Los Angeles Times

Shall We Dance?

Friday July 11, 1997

     Every once in a while a foreign film comes along that seems to be able to connect to that larger audience that normally doesn't care to sit still for subtitles.
     "Cinema Paradiso," with its love of movies, and "Like Water for Chocolate," with its love of food (and romance), were two such films. "Shall We Dance?" just might be another. Most everybody, after all, loves to dance or watch dancing.
     Even more than Australia's "Strictly Ballroom," Masayuki Suo's "Shall We Dance?," which won all 13 of Japan's equivalent of the Oscars, is much more than a lot of dazzling rug-cutting. World-class charmer that it is, it is also a wry comment on the way a tradition of impassive formality can inhibit ordinary Japanese people in their daily lives even as the 20th century draws to an end.
     Tokyo office manager Shohei Sugiyama (Koji Yakusho), while riding a commuter train, glimpses a beautiful young woman peering somberly out the window of a fourth-floor ballroom dancing school. It's an image that recalls an Edward Hopper painting and has such an impact on him that he eventually will feel compelled, despite overwhelming feelings of shyness and self-consciousness, to seek her out.
     At 42, Shohei is a settled man, with a wife (Hideko Hara) and daughter (Misa Shimizu) and a recently acquired house in the suburbs that he worked very hard to afford and will take a long time to pay off. He doesn't enjoy the after-hours drinking typical of many Japanese office workers, and he's hit a vaguely bored and dissatisfied passage in his life.
     The strangely sad young woman, Mai (Tamiyo Kusakari, a top ballerina in Japan and the director's wife), proves to be very cold and, later on, even brutal to him. But Shohei goes ahead and signs up for a Wednesday evening group class, a decision that will transform both their lives in ways neither they nor we could predict.
     Painfully awkward, Shohei struggles manfully to master the traditional ballroom dances under the kindly instruction of a pretty, smiling middle-aged woman, Tamako (Reiko Kusamura). (He can't afford Mai's individual lessons.) Gradually, Shohei starts to relax, to move gracefully, to improve his posture and to emerge as the tall, slim and handsome man that he actually is.
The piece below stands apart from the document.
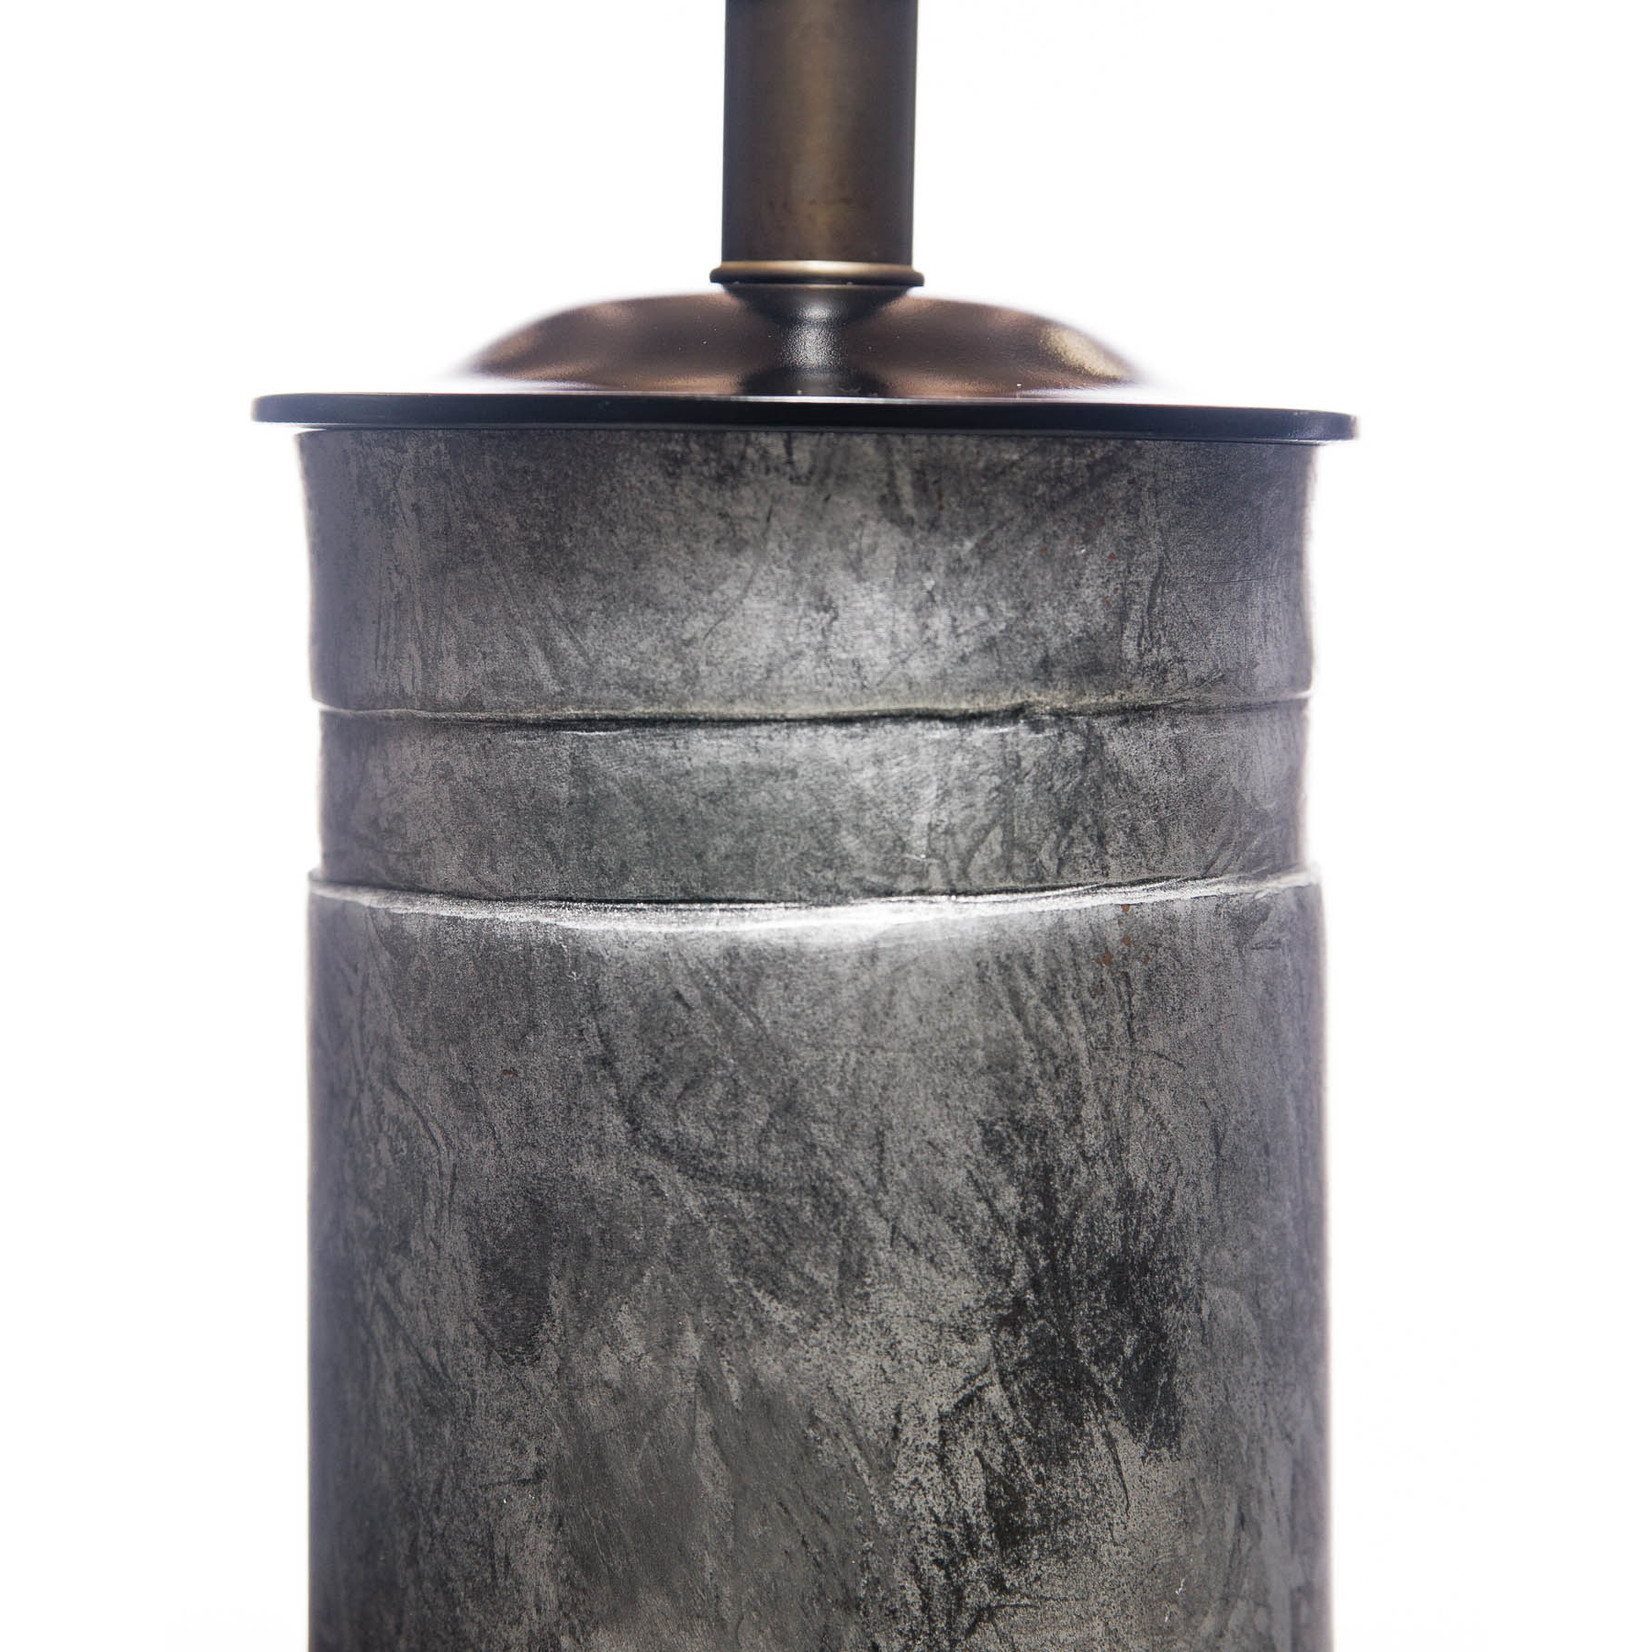 Lawrence & Scott Legacy Audra Verdigris Bronze Table Lamp in Weathered Patina

On the dance floor and off, Yakusho is a marvelously self-effacing actor, heading an outstanding cast.
     At first, Shohei's wife, Masako, is so reflexively traditional in her thinking that, sensing her husband's malaise, she worries that he's not staying out late and having fun. But when it's soon clear that there's a new happiness and contentment in him, she automatically suspects he's having an affair.
     Not quite so old school as to resign herself to that possibility, she nevertheless finds it easier to hire a private detective than to ask him what's going on, and Shohei in turn is much too embarrassed to admit to her that he's doing something so radical as taking ballroom dancing lessons. Why, that would be tantamount to asking your own wife to dance!
     Shohei and Masako, in short, are caught up unconsciously in a Japanese concept of marriage so old-fashioned that it wouldn't occur to them to be full-fledged partners in their relationship, sharing experiences, any more than it would be to be partners merely on a dance floor.
     Suo sandwiches these serious observations in lots of humor and swirling waltzes. As did classic Hollywood comedies of the '30s, "Shall We Dance?" has a pair of second leads as a source of much humor and some poignancy.
     Naoto Takenaka plays one of Shohei's employees, unexpectedly a classmate, equally secretive but determinedly flamboyant--the tango is his specialty--on the dance floor. Often the most vibrant presence on screen, Eriko Watanabe is Toyoko, a plump, outspoken middle-aged woman who supports herself and her daughter with several menial jobs and dreams of becoming a ballroom dancing champion.
     Suo shrewdly bides his time in allowing ice princess Mai to melt and confront the reasons for her own unhappiness.
     "Shall We Dance?" is a great-looking, great-sounding film, and Yoshikazu Suo's lilting, sometimes wistful score is a major component in the picture's success. You don't want to sit this one out.

Shall We Dance?, 1997. PG, for mild language. A Miramax presentation of an Altamira Pictures production. Writer-director Masayuki Suo. Producer Yasuyoshi Tokuma. Executive producers Hiroyuki Kato, Seiji Urushido, Shigeru Ohno,, Kazuhiro Igarashi, Tetsuya Ikeda. Cinematographer Naoki Kayano. Editor Jun'ichi Kikuchi. Music Yoshikazu Suo. Production designer Kyoko Heya. Running time: 1 hour, 58 minutes. Koji Yakusho as Shohei Sugiyama. Tamiyo Kusakari as Mai Kishikawa. Naoto Takenaka as Tomio Aoki. Eriko Watanabe as Toyoko Takahashi. Hideko Hara as Masako Sugiyama.